* [WHAT THE TASK ASKS]:
Your copy should hold only the lines from the one with "Forbo Real Marmoleum" to the one with "aluminiumbearbeitung blech profil.", both included, each exactly as it stands below, with no pictures.

* [MATERIAL PROVIDED]:
┏━━

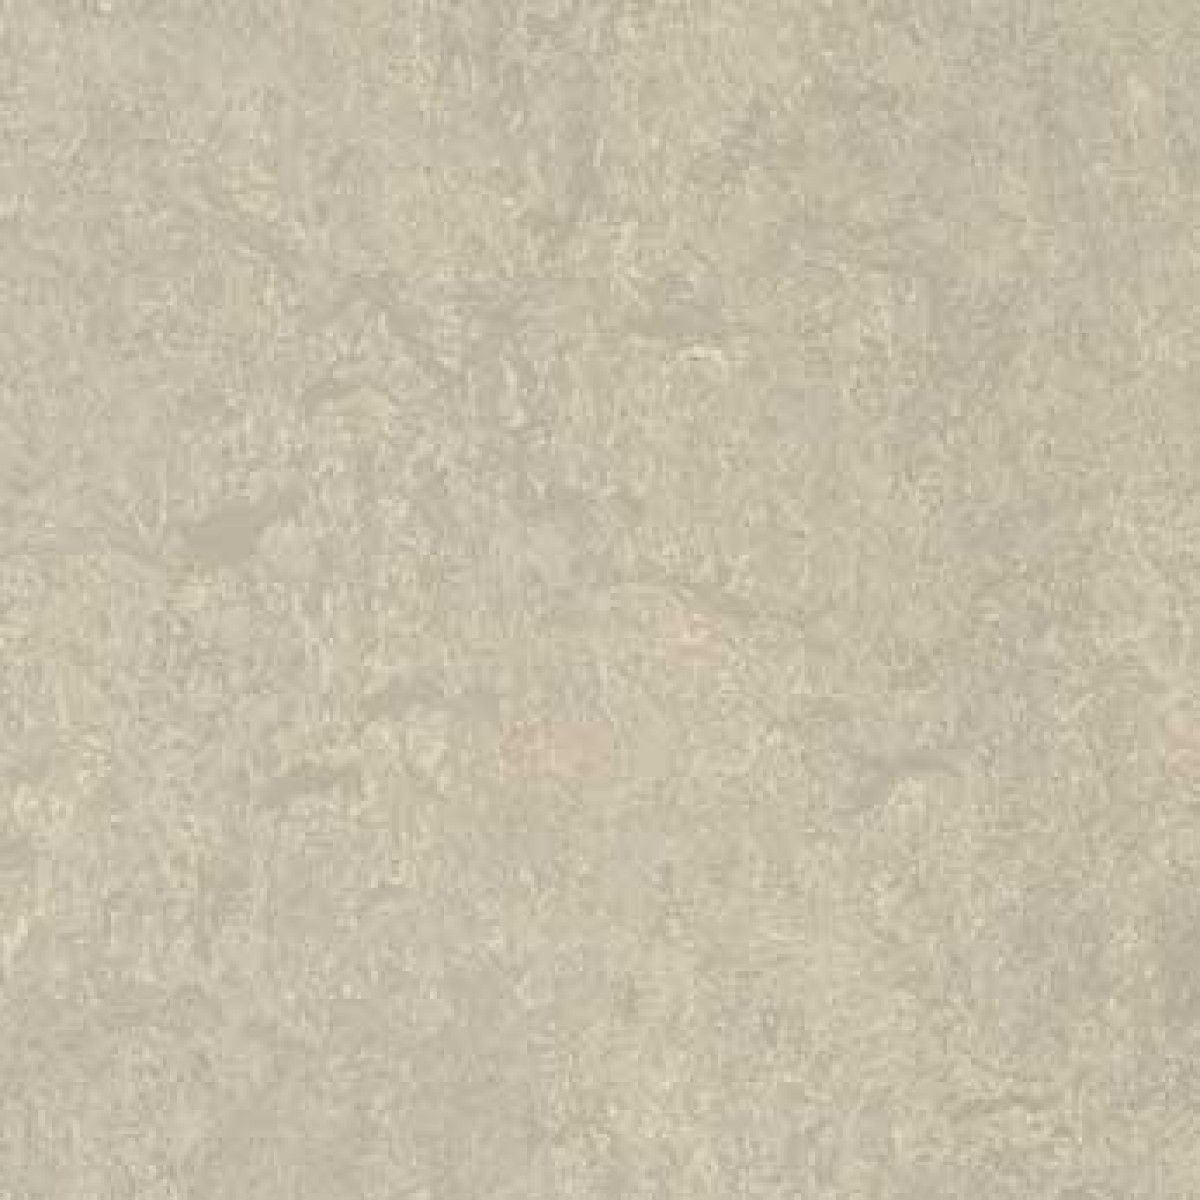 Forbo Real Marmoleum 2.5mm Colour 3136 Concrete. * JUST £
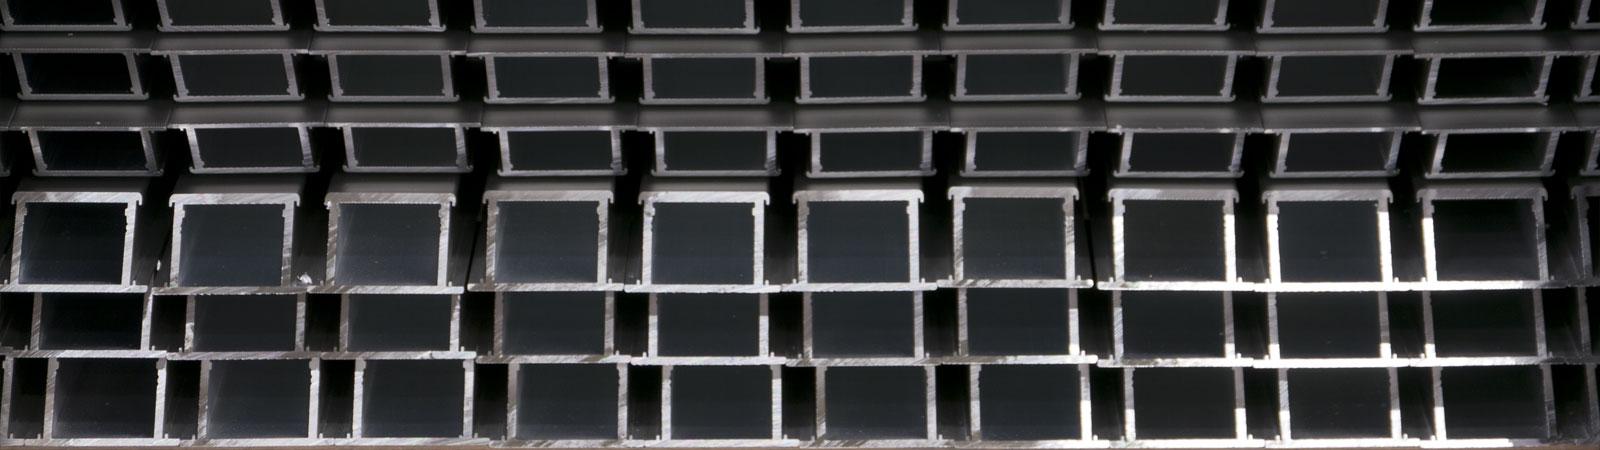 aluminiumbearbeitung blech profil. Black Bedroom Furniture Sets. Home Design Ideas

┗━━
┏━━

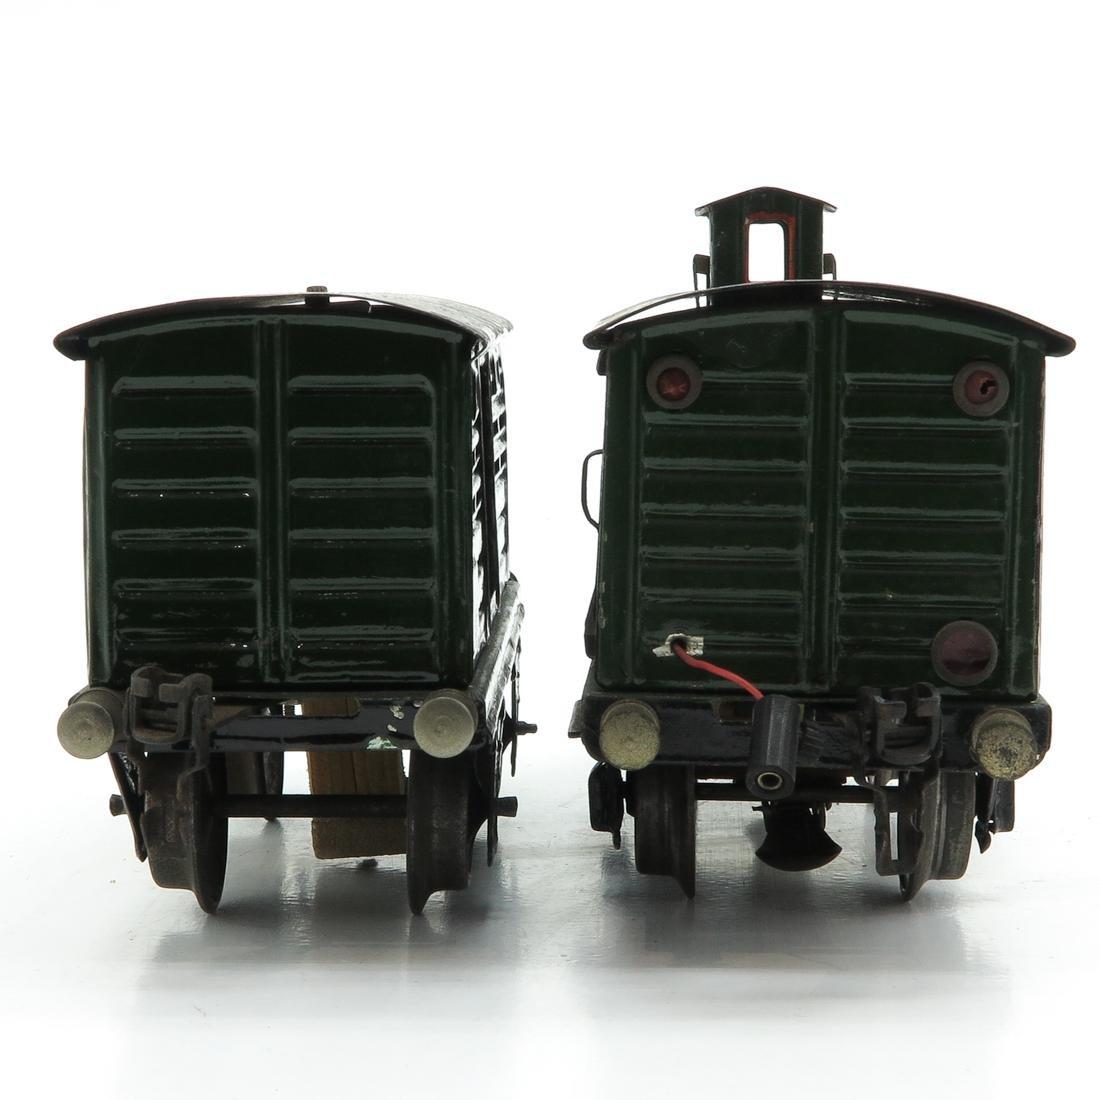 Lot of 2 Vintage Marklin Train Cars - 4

┗━━
┏━━

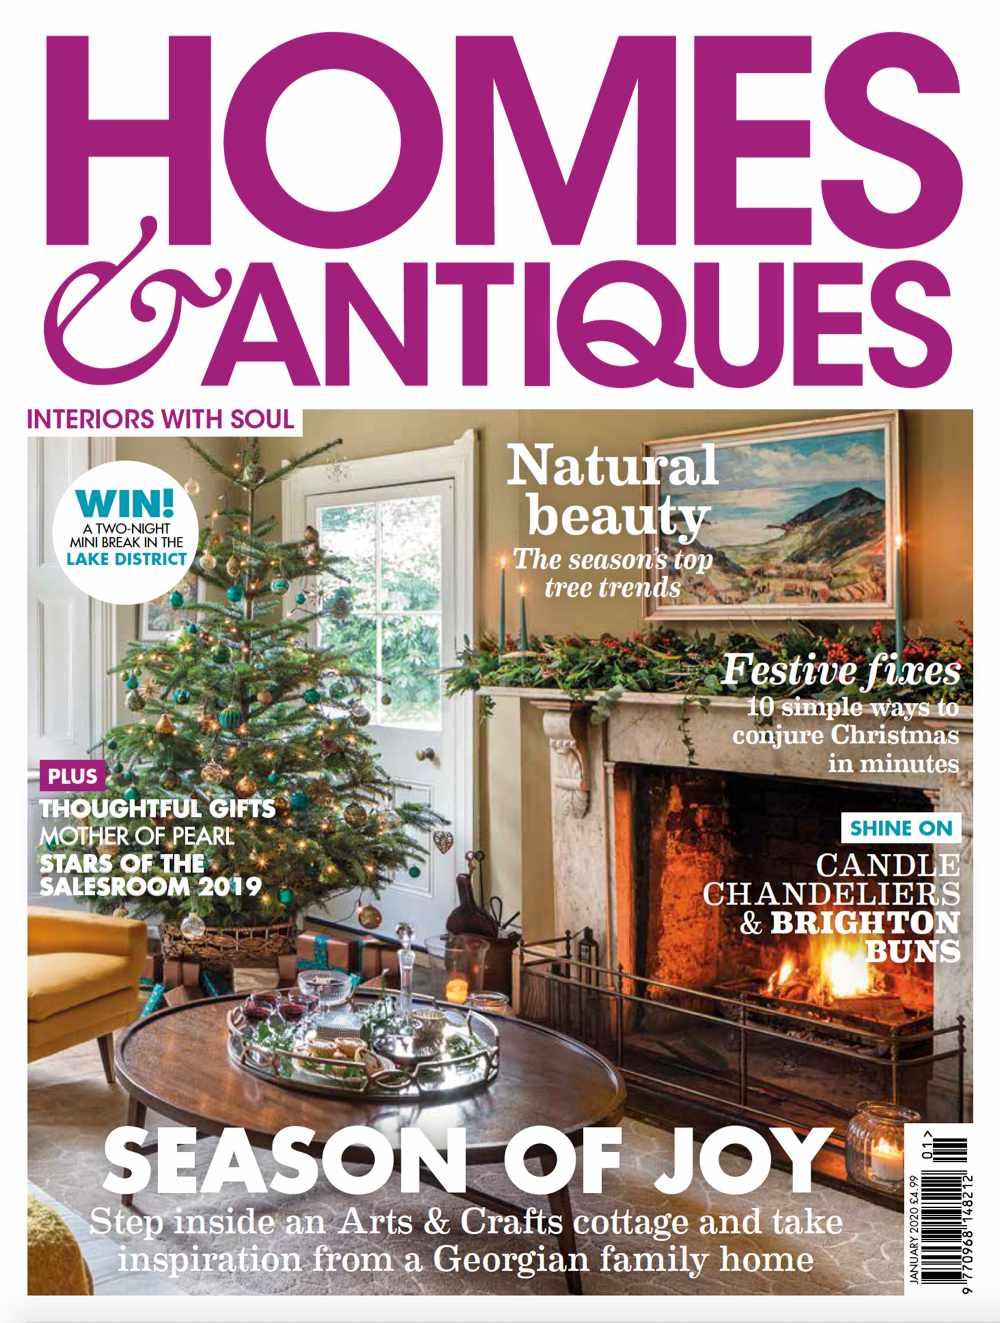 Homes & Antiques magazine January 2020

┗━━

* [TASK RESULT]:
 Forbo Real Marmoleum 2.5mm Colour 3136 Concrete. * JUST £
 aluminiumbearbeitung blech profil. Black Bedroom Furniture Sets. Home Design Ideas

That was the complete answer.